An aluminum (with Young's modulus 7 x 10^10 Pa) rail is 88.0 m long and has cross-sectional area 0.00050 m^2. The rail is fixed at one end and a 4000 N force is applied at the other end. By how much does the bar stretch?
To determine the amount by which an aluminum rail stretches when a force is applied, we can use Hooke's Law, which states that the amount of stretch or compression of a material is directly proportional to the force applied.

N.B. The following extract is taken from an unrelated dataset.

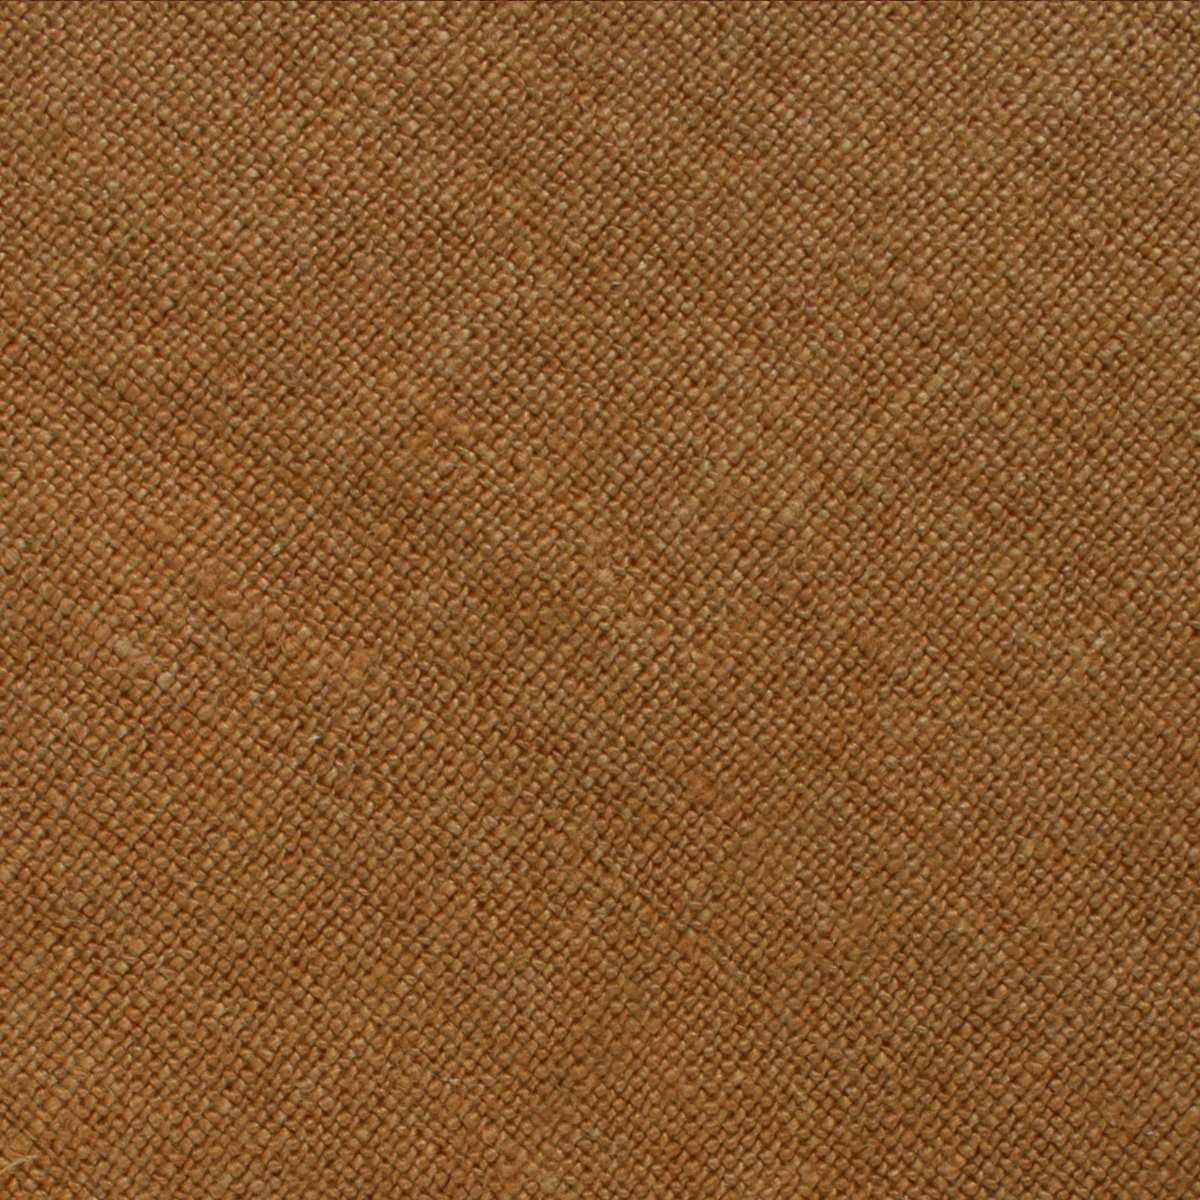 Dark Mustard Brown Linen Necktie Fabric

Hooke's Law is expressed as:
F = k * ΔL
Where:
F - Force applied (in Newtons)
k - Spring constant or the modulus of elasticity (Young's modulus)
ΔL - Change in length
Given data:
Young's modulus (k) = 7 x 10^10 Pa (Pascals)
Length of the rail (L) = 88.0 m
Cross-sectional area (A) = 0.00050 m^2
Force applied (F) = 4000 N
First, let's find the stress on the rail:
Stress (σ) = Force / Area
σ = F / A
= 4000 N / 0.00050 m^2
= 8 x 10^6 Pa
Now, we can use Hooke's Law to find the change in length (ΔL):
ΔL = F / k
ΔL = 4000 N / 7 x 10^10 Pa
(Note: The unit of the Young's modulus is Pa)
Calculating the result:
ΔL = 5.7 x 10^-5 m
Therefore, the aluminum rail stretches by approximately 5.7 x 10^-5 meters (or 0.057 mm) when a 4000 N force is applied.